Common Failure Patterns

Pattern	Likely Cause	Fix
Wrong tools called	Routing or skill loading mismatch	Check tool registration, skill files
Correct tools, wrong output	Prompt instructions unclear	Clarify prompt, add examples
Hallucinated data	Agent generating data instead of using tools	Add explicit instruction: "only use data from tool results"
Incomplete response	Prompt too vague about requirements	Add specific output requirements
Format wrong	Missing format instructions	Add output format specification with examples
SLA violation	Slow tools or too many tool calls	Optimize tool implementation, reduce unnecessary calls

Aggregate Metrics

Track over time:

Pass rate by category -- which types of scenarios are weakest?
Regression rate -- how often do passing scenarios start failing?
Mean verification score -- average quality across all scenarios
SLA compliance -- percentage of scenarios within timing thresholds

6. Iterative Prompt Improvement

The Eval-Fix Loop

1. Run eval suite
2. Identify failing scenarios
3. Diagnose root cause (prompt, tool, routing, data)
4. Make targeted fix
5. Re-run ONLY the failing scenarios
6. If they pass, run the FULL suite (catch regressions)
7. If full suite passes, commit
8. If new failures appear, repeat from step 2

Automated Iteration

For prompts that need many refinement cycles, use an automated loop:

Loop until convergence or max iterations:
  1. Run eval scenario
  2. If pass: done
  3. If fail: read rejection reasoning
  4. Adjust prompt based on reasoning
  5. Re-run

Set a maximum iteration count (10 is a reasonable default).
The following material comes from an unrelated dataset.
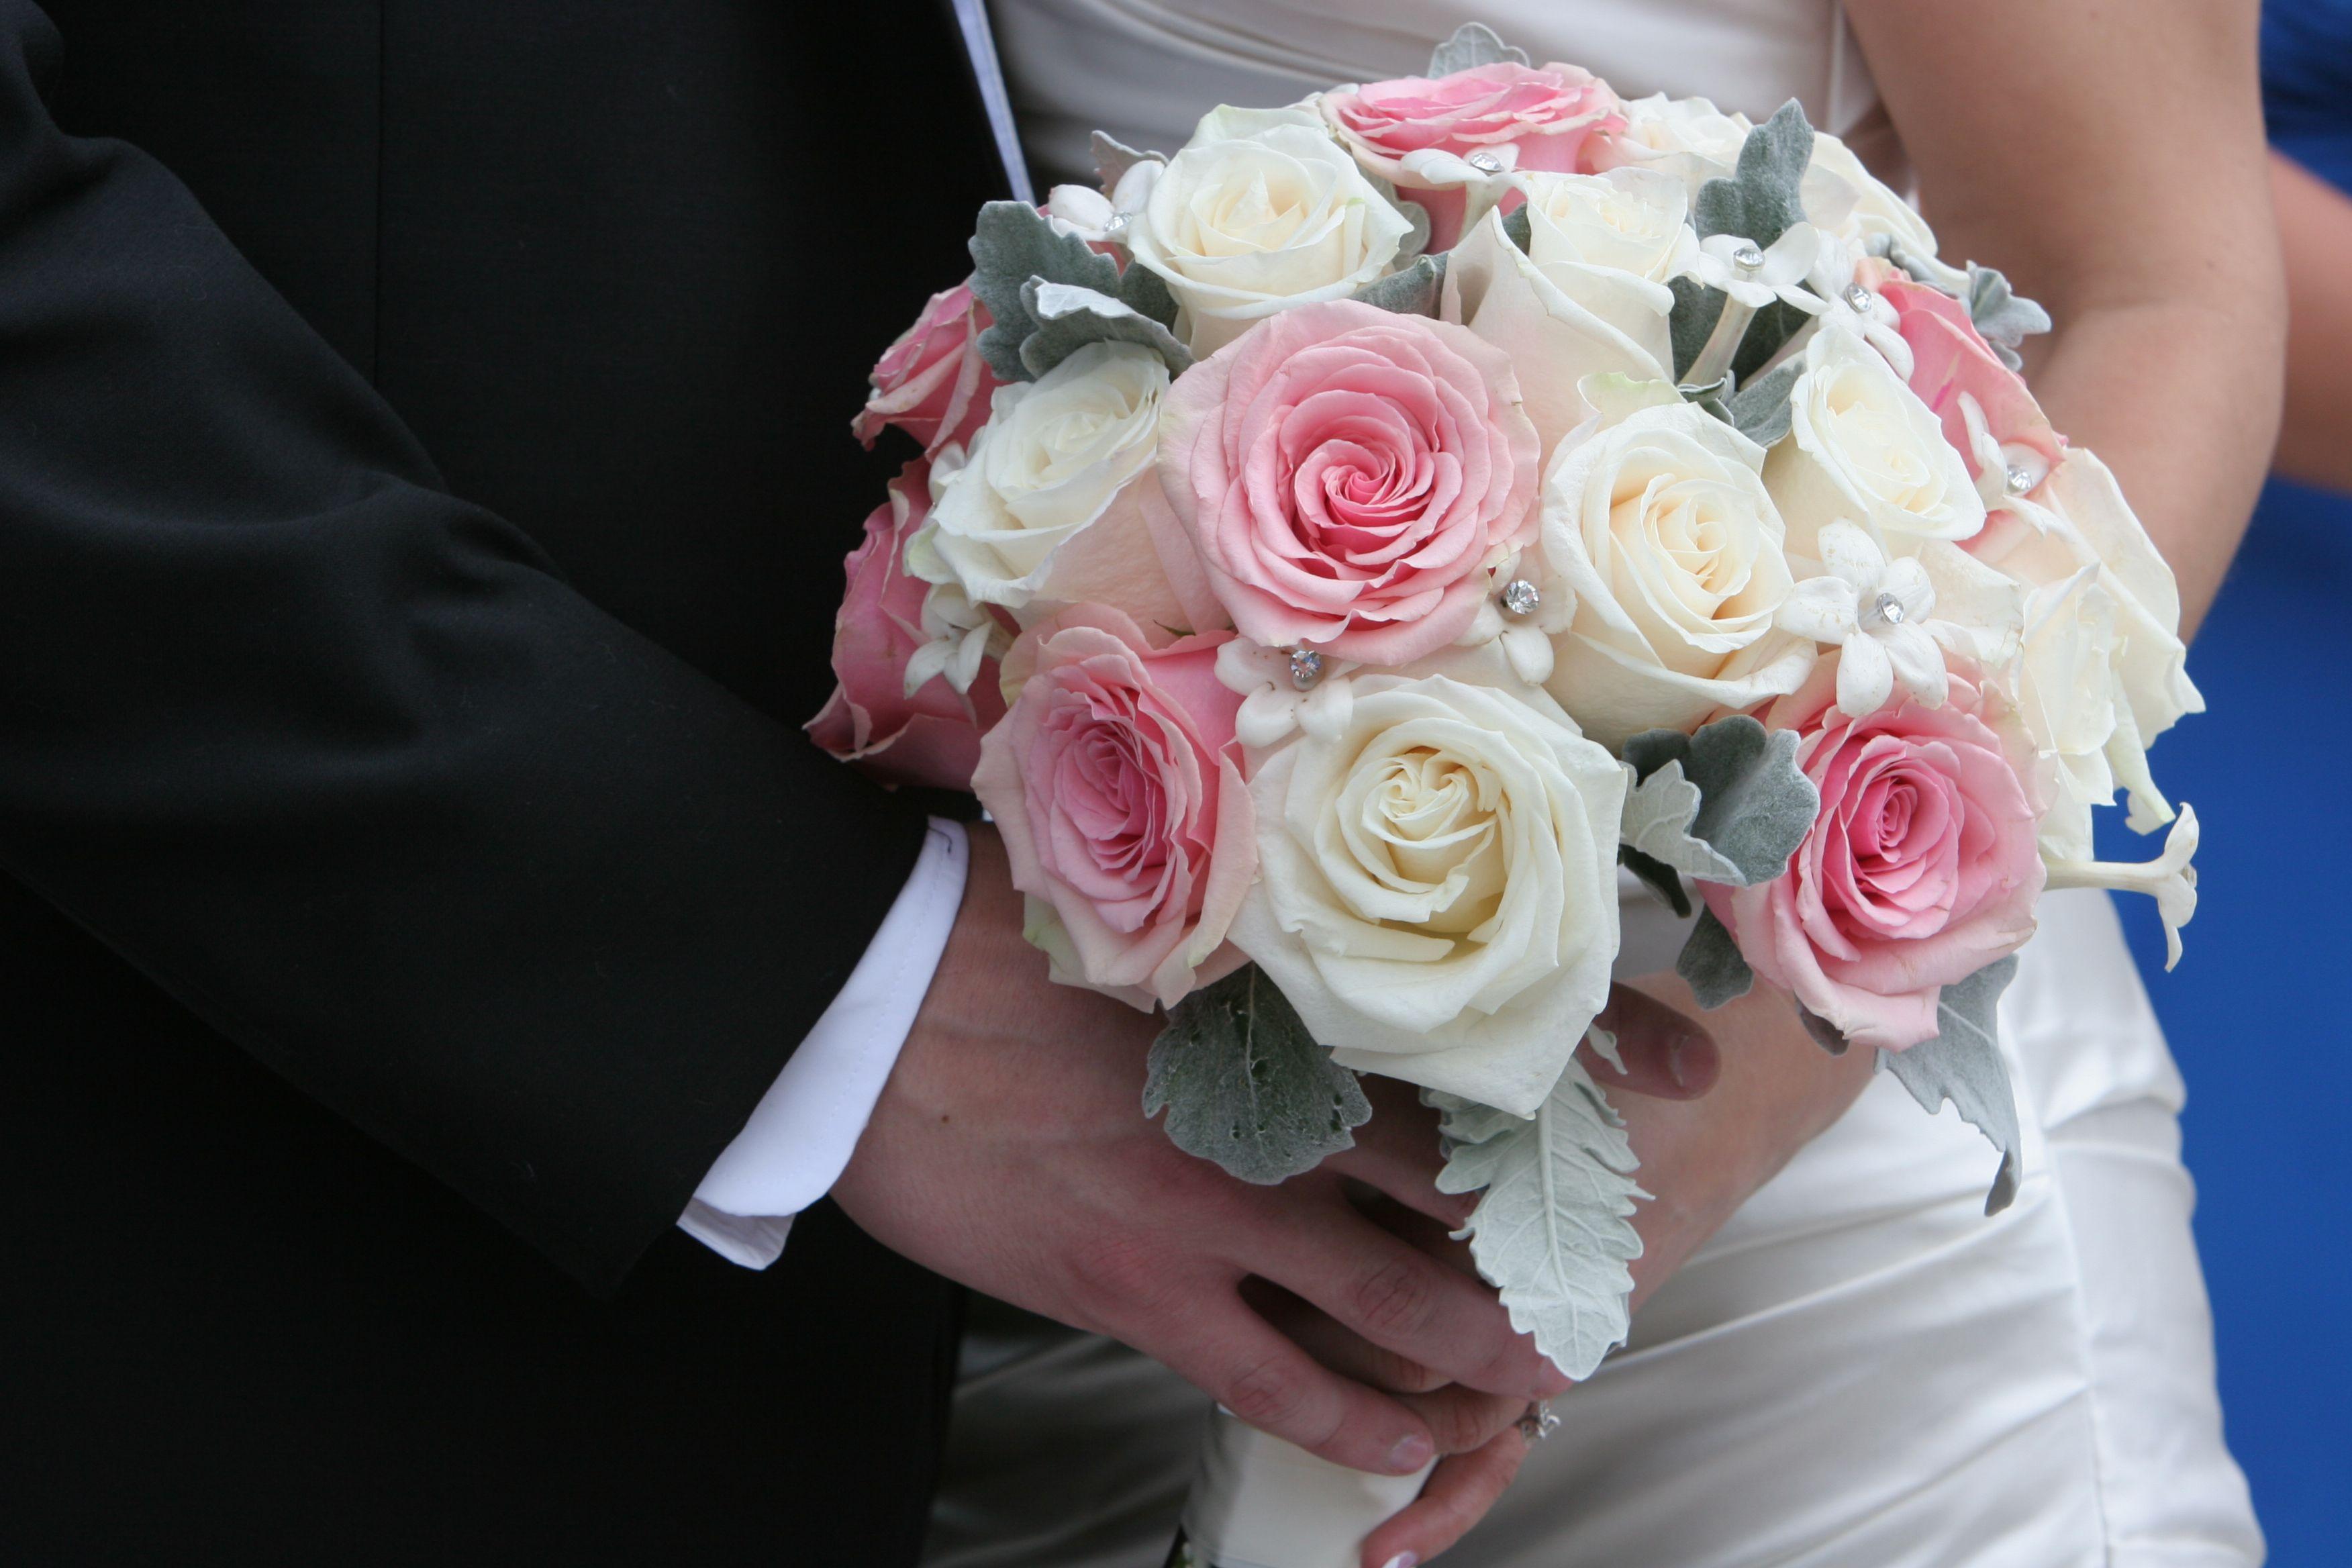 Unusual beautiful beginnings flowers photos wedding and flowers pin by beautiful beginnings flowers on jenna and lawrences wedding izmirmasajfo

If the prompt does not converge after max iterations, the problem may be architectural, not prompt-level.

Convergence Criteria

A prompt change is converged when:

All previously-passing scenarios still pass
The target failing scenario now passes
No new failures were introduced

7. Scenario Maintenance

Adding New Scenarios

When adding a new capability to the agent:

Write the scenario BEFORE changing the prompt or tools
Run it -- it should fail (the capability does not exist yet)
Implement the capability
Run it -- it should pass
Generate and verify ground truth

This is TDD applied to AI agent behavior.

Retiring Scenarios

Remove scenarios when:

The capability they test has been intentionally removed
The scenario is a duplicate of another
The scenario tests implementation details that have been refactored

Never retire a scenario because it is failing. Fix the agent or update expectations.

Coverage Gaps

Periodically audit scenario coverage:

Are all agent capabilities tested?
Are all tool categories represented?
Are error conditions tested?
Are multi-turn interactions tested?
Are edge cases (empty data, large inputs, ambiguous queries) tested?

Key Principles

Eval before ship. Never deploy prompt or tool changes without running the eval suite.
Precise expectations beat vague quality checks. "Output must contain X" is testable. "Output should be good" is not.
Ground truth has a shelf life. Regenerate fixtures when agent behavior intentionally changes.
Fix the agent, not the eval. If a scenario fails, the default assumption is that the agent is wrong. Only update expectations when behavior has intentionally changed.
Aggregate metrics reveal trends. Individual scenario failures are symptoms. Pass rates by category reveal systemic issues.